Detection signals from the above-mentioned sensors and switches are supplied to the internal combustion engine control unit 117. The internal combustion engine control unit 117 drives the fuel injection valve 118 provided in the intake pipe 102 leading to the internal combustion engine 108 to control the fuel amount, and the spark plug 115.
Timing control for controlling the generation timing of high voltage (i.e., ignition timing) and adjusting the passage area of the air passage 106 by moving the valve of the idle speed controller 107 up and down to control the intake air amount, that is, the rotation speed of the engine. Idle speed control is performed. further,
Idle rotation speed control compares the target rotation speed determined by the cooling water temperature, the drive condition of the compressor load for the air conditioner, etc. with the actual rotation speed when it is determined that the engine is idle, and idle speed control is performed to eliminate the deviation. Rotational speed feedback control for driving the speed controller 107 to control the intake air amount is included.

By the way, in the conventional control apparatus for an internal combustion engine with an electromagnetic clutch as shown in FIG. 6, an idle switch 109 provided near the slot valve 103 of the intake pipe 102 is used to detect the fully closed state of the slot valve 103. The engine is in an idle state (first idle state detecting means). However, in recent years, there has been a movement to reduce the cost of the control device for the entire vehicle by reducing the number of parts, so that the idle switch 109 described above is eliminated and the intake pipe pressure sensor 105 for originally measuring the intake air amount is used. There is also a control device that puts the pipe 102 into an idle state when the pressure in the pipe 102 is equal to or lower than a predetermined intake pipe pressure (second idle state detecting means).

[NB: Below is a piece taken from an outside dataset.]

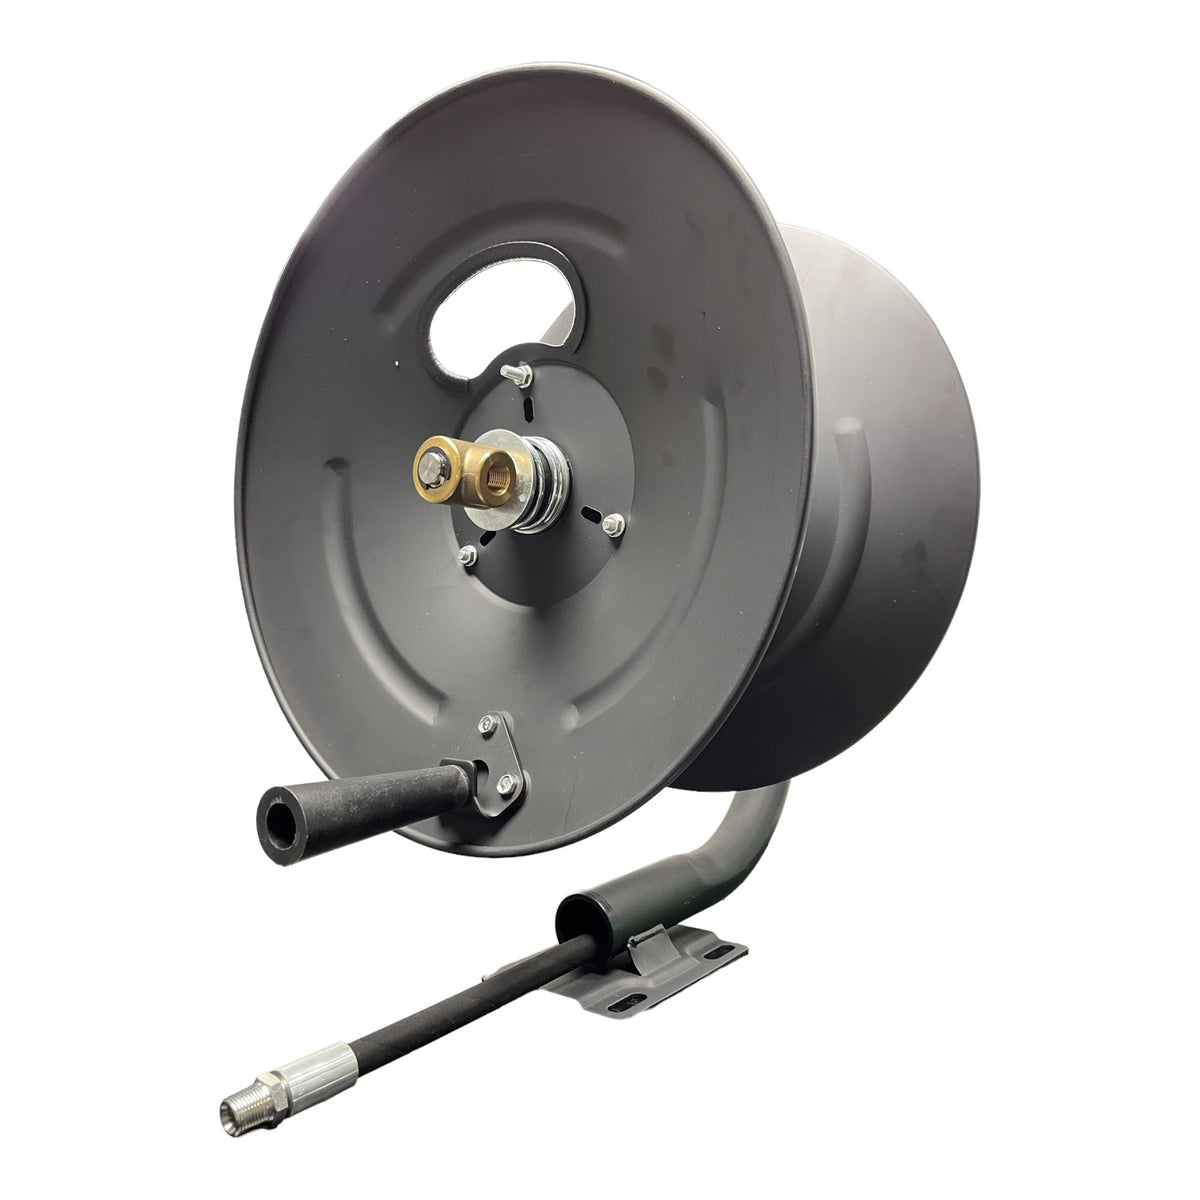 Interstate Pneumatics PW7190 3/8 inch x 100' Steel Hose Reel with Swivel Fitting Mounting Bracket and 3' Pigtail

Further, the electromagnetic clutch control unit 120 includes an accelerator switch 122 for detecting an open state and a depressed state of an accelerator pedal 121, and a select lever position detector 123 for detecting the position of a select lever (not shown) of the transmission. , The crank angle sensor 111 described above,
At least the detection signals of the vehicle speed sensor 113 and the A / C switch 116 are supplied. The exciting current of the electromagnetic clutch 119 provided on the output shaft of the internal combustion engine 108 is controlled by the electromagnetic clutch control unit 120. The exciting current of the electromagnetic clutch 119 is controlled according to the control mode classified based on the depression state of the accelerator pedal 121, the vehicle speed and the position of the select lever. As a control mode, there is a drag mode or the like for stopping a vehicle and stopping a vehicle on a slight gradient by generating a slight torque by giving a minute current at a slow speed.

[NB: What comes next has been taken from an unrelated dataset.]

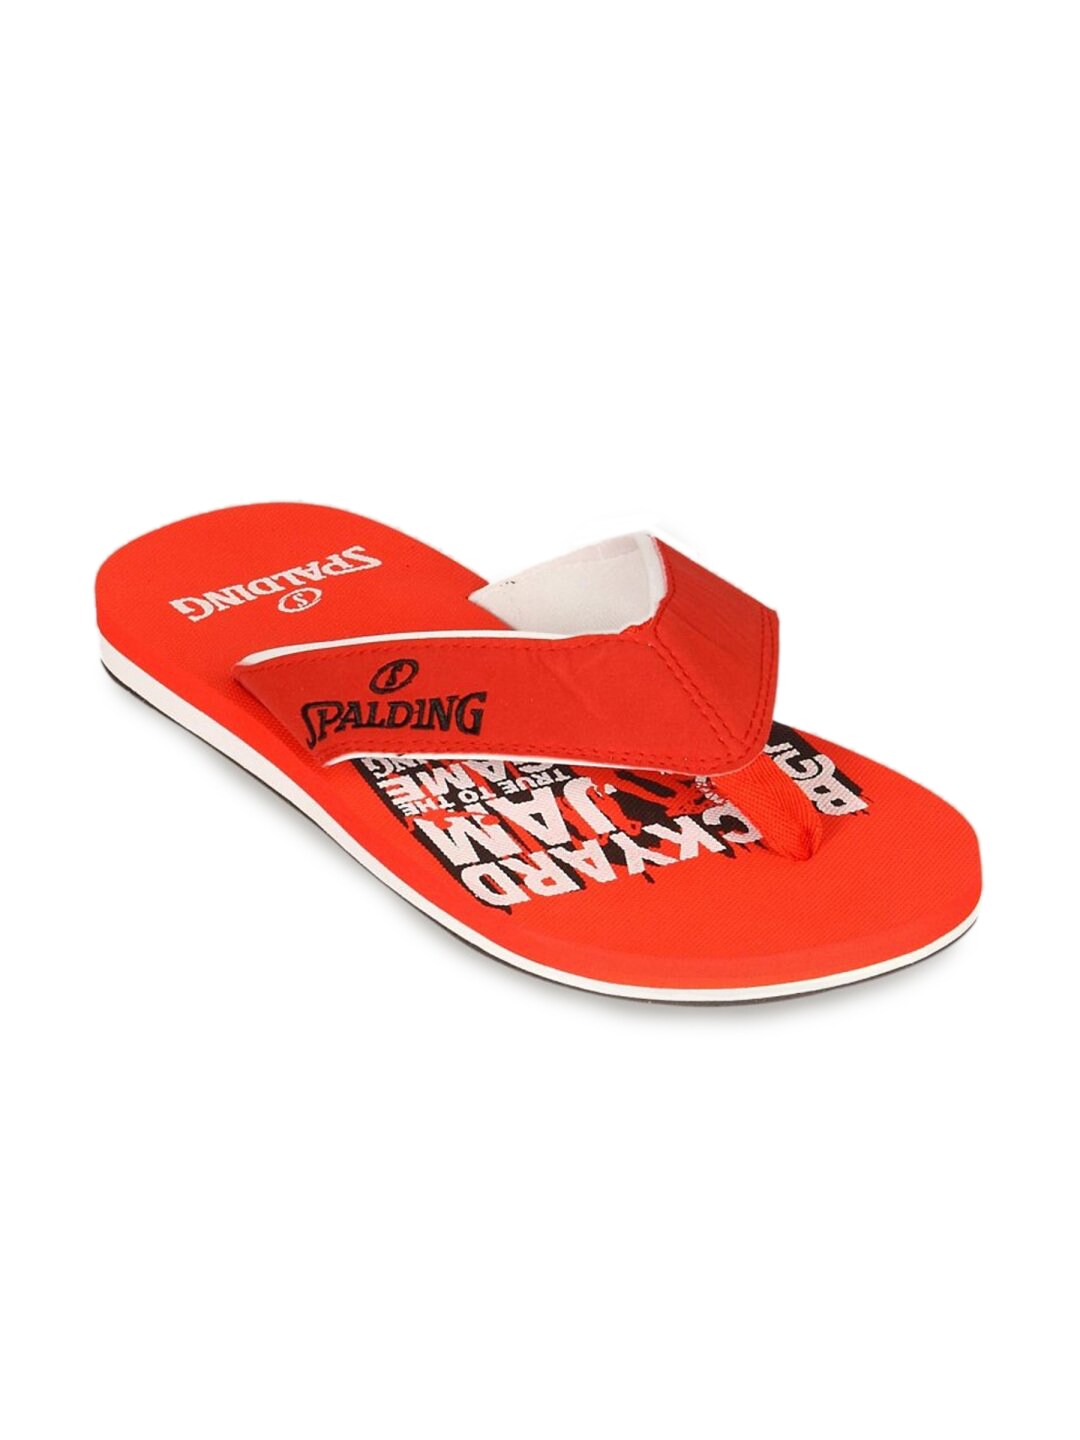 Spalding Men's Red White With Ego Graphic Flip Flop

FIG. 7 shows a conventional internal combustion engine control unit 11
7 is a block diagram showing a specific circuit configuration of an electromagnetic clutch control unit 120 and an electromagnetic clutch control unit 120. FIG. In the figure, 201 and 202 are microcomputers provided in the internal combustion engine control unit 117 and the electromagnetic clutch control unit 120, respectively. The microcomputer 201 is
A free running counter 203 for measuring the rotation cycle of the internal combustion engine 108, a timer 205 for measuring time for various controls, and an A for converting an analog signal from a second input interface circuit 221 described later into a digital signal. A / D converter 207, an input port 209 for inputting detection signals of each sensor and switch to the microcomputer 201, a ROM 211 in which a processing program for fuel injection amount control and ignition timing control and initial data are recorded in advance, and this ROM 211. A CPU 213 that performs arithmetic processing of each detection signal and initial data in accordance with the processing program recorded in the RAM, a RAM 215 that temporarily reads and writes data calculated by the CPU 213, and a CPU
An output port 217 is provided for outputting the drive signal instructed by 213.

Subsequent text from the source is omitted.